Не зайдя на постоялый двор, мы направились к Церкви Всех Святых, на портале которой двадцать с лишним лет назад доктор Лютер укрепил свои тезисы. До проповеди еще оставалось время, а из расспросов горожан выяснилось, что церквей в Виттенберге множество, вот, к примеру, университетская церковь…
Университетская церковь и сам университет были совсем недалеко. В просторном дворе росли каштаны и липы, и я стояла в тени деревьев, обняв шершавый ствол и разглядывая проходящих.
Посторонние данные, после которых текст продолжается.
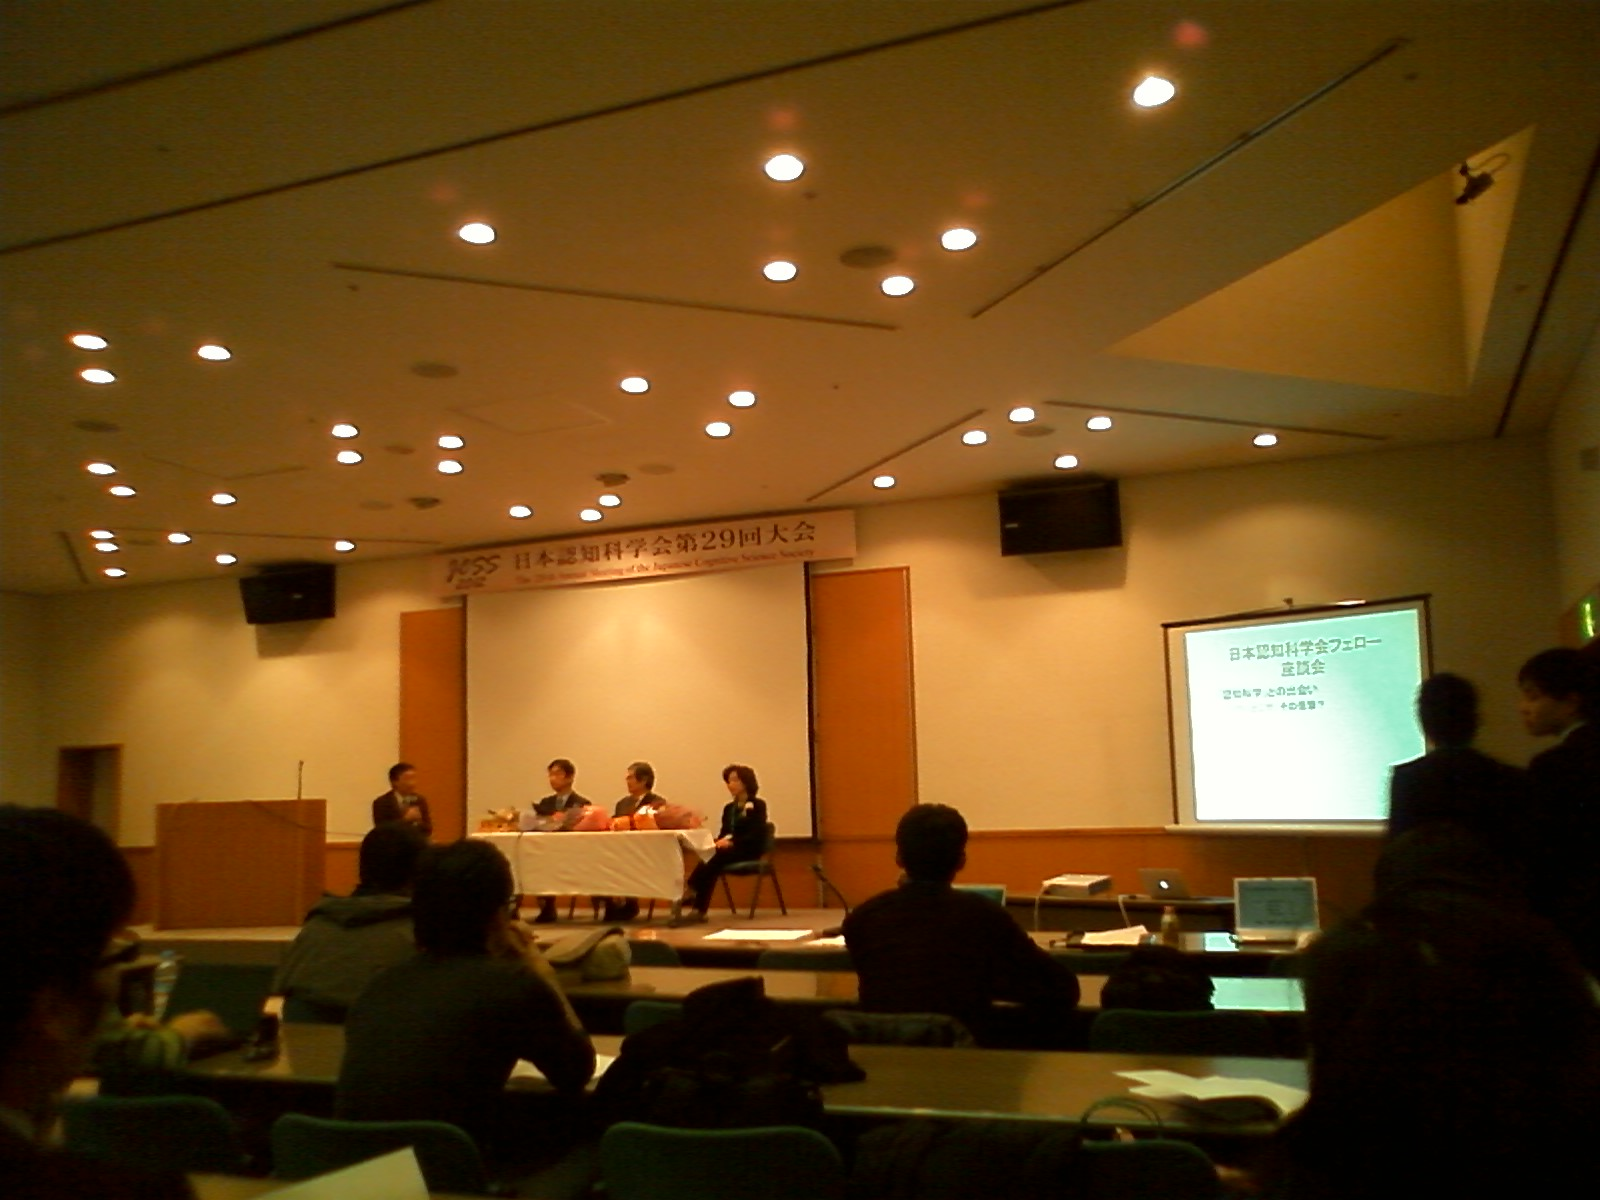 NAL's blog @ 琉球大学情報工学科 » イベントレポート

Alma mater лютеранского богословия тоже была не чета нашему университету. Не потому, что здание лучше… Господин Майер, который бывал в Виттенбергском университете пятнадцатью годами ранее, как-то обмолвился, что впечатления у него остались самые неблагоприятные и от познаний студентов, и от местных нравов. Видно, с тех пор многое переменилось. Не ведаю, куда девались глумцы, распевавшие в придорожных трактирах, но здесь все голоса звучали спокойно, и ни гнев, ни смех не перерастали пределов, установленных приличиями. Дважды или трижды мне померещилось, что я узнаю самого Лютера; впрочем, вскоре я поняла, что ошибаюсь. Едва ли не каждый пятый в этом дворе казался родственником великого реформатора, каким его изображают на гравюрах. Даже самые юные лица были исполнены разума и благочестия, и острей, чем когда-либо, я ощутила свое ничтожество и тщету всех своих усилий. Не выйдет из мартышки проповедник, и безродная девица скорее погибнет от собственных хитростей, чем сумеет причислиться к этому сонму. Пойми я это раньше, глядишь, и не стала бы добычей дьявола…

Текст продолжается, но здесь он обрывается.